The doctor examined our baby, and though she was slightly anemic, she  had ten fingers, ten toes, a healthy heart and a set of obviously  functioning lungs. I asked about the anemia-the doctor said it was  nothing to worry about-and after he squirted a bunch of goop in our  baby's eyes, she was cleaned and swaddled and placed in my wife's arms.

Just as I'd predicted, photos were taken all day long but strangely,  when people saw them later, no one seemed to care about my appearance at  all.

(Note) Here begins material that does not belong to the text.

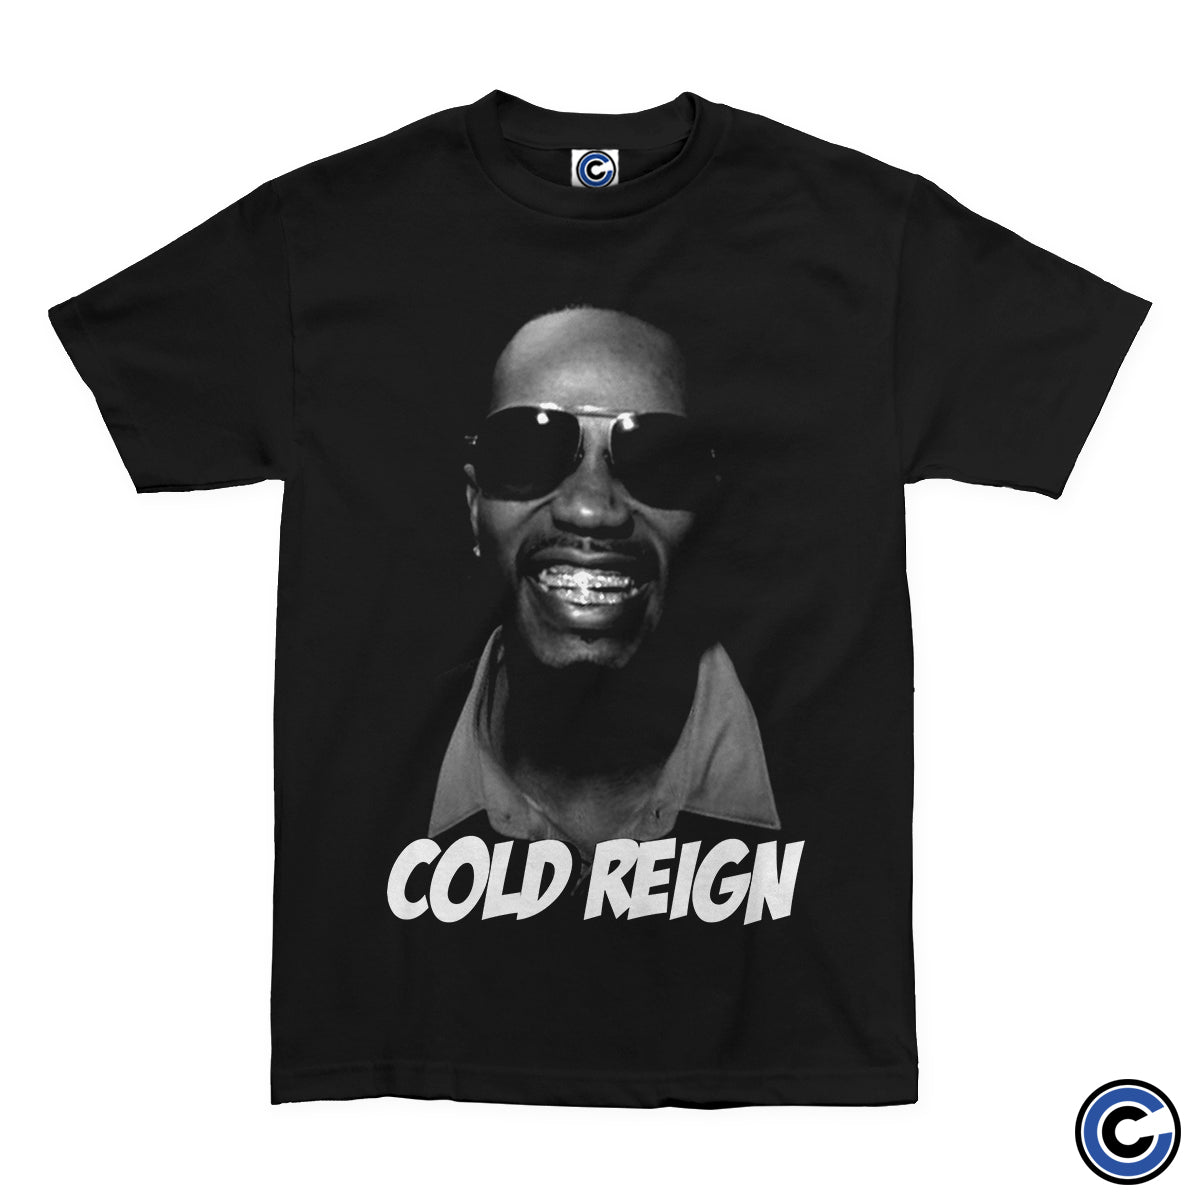 Cold Reign "Grill" Shirt

It's been said that babies are born looking like either Winston  Churchill or Mahatma Gandhi, but because the anemia lent a grayish  pallor to my daughter's skin, my first thought was that she resembled  Yoda, without the ears of course. A beautiful Yoda, mind you, a  breathtaking Yoda, a Yoda so miraculous that when she gripped my finger,  my heart nearly burst. My parents happened to arrive a few minutes  later, and in my nervousness and excitement, I met them in the hallway  and blurted out the first words that came to mind.

"We have a gray baby!"

My mother looked at me as though I'd gone insane while my father dug his  finger into his ear as if wondering if the waxy buildup had clouded his  ability to hear effectively. Ignoring my comment, they entered the room  and saw Vivian cradling our daughter in her arms, her expression  serene. My eyes followed theirs and I thought to myself that London had  to be the single most precious little girl in the history of the world.  While I'm sure all new fathers think the same thing about their own  children, the simple fact is that there can only be one child who is  actually the most precious in the history of the world, and part of me  marveled that others in the hospital weren't stopping by our room to  marvel at my daughter.